Leaving home – again

But we had always considered Israel to be our home, and this served as a great advantage to us.

By NETANEL, SARAH ANSANI
July 29, 2019 23:13
3 minute read.
NETANEL AND Sarah Ansani: We will serve as a steady bridge between Israel and Diaspora Jewry

NETANEL AND Sarah Ansani: We will serve as a steady bridge between Israel and Diaspora Jewry. (photo credit: Courtesy)

The moment we came to Israel we felt good. Each of us felt that this was the right place for us to be. Netanel made aliyah 11 years ago from Argentina, and Sarah came here five years ago from Denmark. Although we felt we were home, immigration to any new country has its difficulties, such as getting used to the language, culture, weather and bureaucracy. Putting down one’s roots in a new place is an exciting yet exhausting process.

But we had always considered Israel to be our home, and this served as a great advantage to us. Despite the difficulties, we had a positive attitude. We felt a sense of belonging and knew that this was the place where Jews should live. Despite the missiles, the knifings and the stones being thrown, we felt that Israel was the safest place in the world for us.

In keeping with this feeling – and as part of our desire to make our country a safer place – we each enlisted in the IDF and served as lone soldiers.
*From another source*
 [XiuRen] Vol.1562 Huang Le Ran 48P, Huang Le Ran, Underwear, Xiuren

The army is a very important bridge in getting to know Israeli culture and acclimatizing to it. For us, there was an added benefit: It was in the IDF that we met and fell in love. We married and set up home in Israel, and our first son was born here a year ago.
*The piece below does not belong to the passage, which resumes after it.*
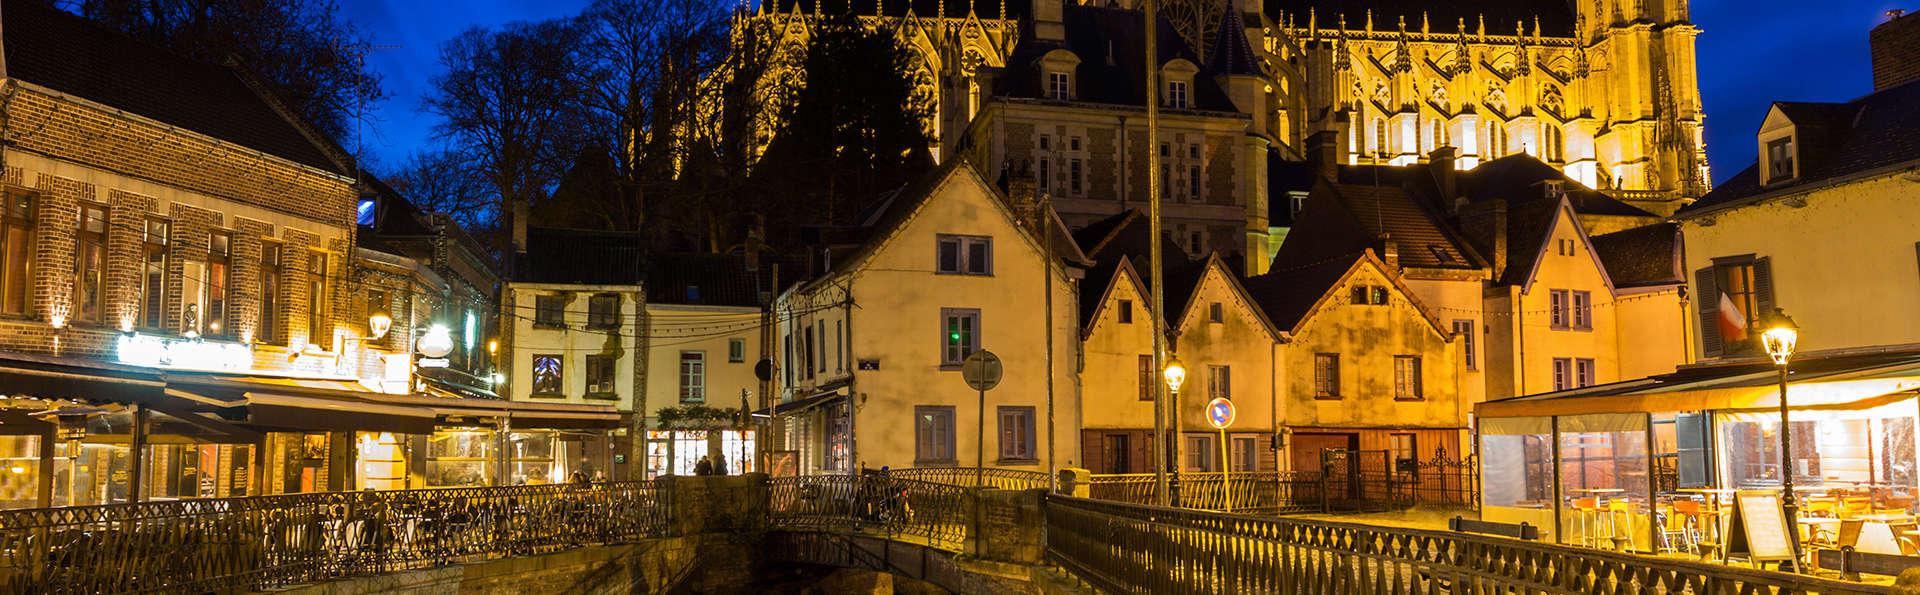 Novotel Amiens Pole Jules Verne - EDIT_destination1.jpg

So, after the long road we had traveled, we finally felt acclimated. Then, after the birth of a sabra son, what could possibly convince us to leave, even if only temporarily? Why would we once again want to put ourselves through the same difficulties in order to settle in yet another new country, and once again face the same obstacles and challenges? 

When we heard about a specialized emissary training program that also placed and accompanied its graduates into the field, and after we heard stories from several shluchim (emissaries) who had already returned to Israel, it was obvious to us both that shlichut (emissary work) was the right thing to do. After all the goodness that we each received in Israel individually and together, after the sense of security and belonging that we had acquired – and because we each know from personal experience about the challenges facing Diaspora Jewry – we felt that this was the right time to give back to our country and represent it abroad.

We are going on a mission as emissaries to tell the world about what really happens in Israel and to give information that they cannot find in their local media. We will talk with the local Jewish community and explain what really goes on here, and we will do our best to empower them to grow closer to Israel and help them reconnect to their Jewish roots. We will be there to give people just like us – just like who we were when we first lived there – an opportunity to connected to their Jewish heritage in a loving and respectful way. We will serve as a steady bridge between Israel and Diaspora Jewry.

We know it will not be easy to leave our home. We have already done so once, and we know we will face difficulties. Yet we are prepared to do so in order to strengthen our sisters and brothers in the Diaspora, as well as those in our new home in Israel.

The writers are the 500th family to be trained through the Ohr Torah Stone Straus-Amiel program – which has been training educational and rabbinical emissaries for 21 years – and its Maarava program that trains rabbinic couples heading to Sephardi communities around the world.